Padder Guarantor: does NOT replace your Last Month’s Rent (LMR) deposit

  • It’s a contractual liability insurance policy that acts as your guarantor to help your landlord feel comfortable approving your application.
  • Padder Guarantor protects your landlord for unpaid base rent and certain default scenarios (up to the policy limits).
  • You may still be required to pay a traditional LMR deposit to your landlord, if that’s their standard practice and allowed by local law.

Padder Deposit: DOES replace your Last Month’s Rent (LMR) deposit

Padder Deposit is specifically designed to replace a traditional Last Month’s Rent deposit where the landlord has enabled it for the building. This lowers your barrier to entry while providing insurance protection for your landlord if you default on your last month's rent payment. 
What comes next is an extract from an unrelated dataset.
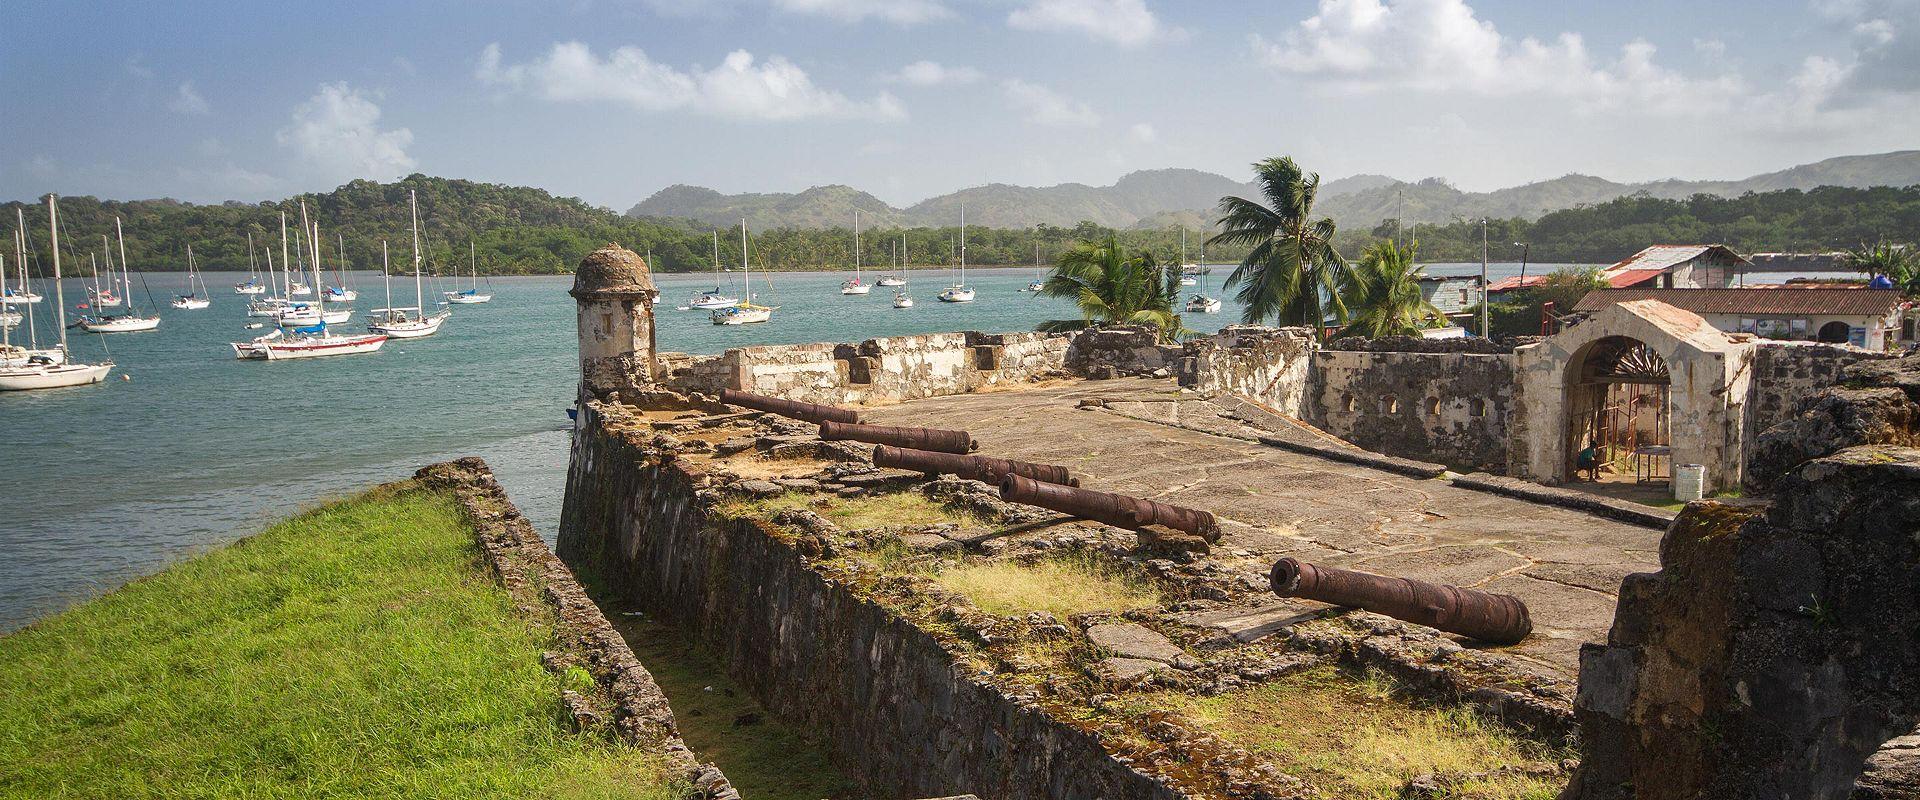 南カリブ海・パナマ運河クルーズ 11泊12日

In those eligible properties:

  • Your landlord does not collect a LMR deposit from you.
  • Instead, you pay a smaller one-time Padder Deposit premium.
  • Padder then protects your landlord for your last month’s base rent only if you move out without paying it.
  • The policy stays in effect for the length of your tenancy, including if your lease moves to month-to-month, until you move out.

You still:

  • Pay all your regular monthly rent, including your final month.
  • Are required to repay Padder if Padder pays your landlord for that unpaid last month’s rent (subject to the policy terms and conditions).

How LMR and Padder coverage work together where both exist

You might see a few different combinations:

  1. Padder Guarantor + traditional LMR (no Padder Deposit)
    1. You pay a traditional LMR deposit to your landlord.
    2. You also purchase Padder Guarantor to help you qualify for the lease.
    3. At the end of your tenancy, your landlord applies the LMR to your last month’s rent as usual.
    4. Padder Guarantor is there only if you default on your lease obligations during the term and there’s a covered loss.
  2. Padder Guarantor + Padder Deposit (no traditional LMR deposit)
    1. You use Padder Guarantor to help secure approval.
    2. Your landlord also accepts Padder Deposit, so they do not collect a traditional LMR deposit.
    3. You pay:
      1. A one-time Guarantor premium (typically between 30% to 130% of one month's rent), and
      2. A one-time Padder Deposit premium (typically between 10% to 15% of month month's rent).
    4. Guarantor covers broader base-rent default scenarios (up to policy limits).
    5. Deposit covers just the last month’s base rent if you leave without paying it.
  3. Padder Deposit only (no Guarantor, no traditional LMR deposit)
    1. You qualify for the lease on your own.
    2. The landlord offers Padder Deposit instead of a traditional LMR deposit.
    3. You pay the Padder Deposit premium, and your landlord relies on Padder for your last month’s base rent if you don’t pay it.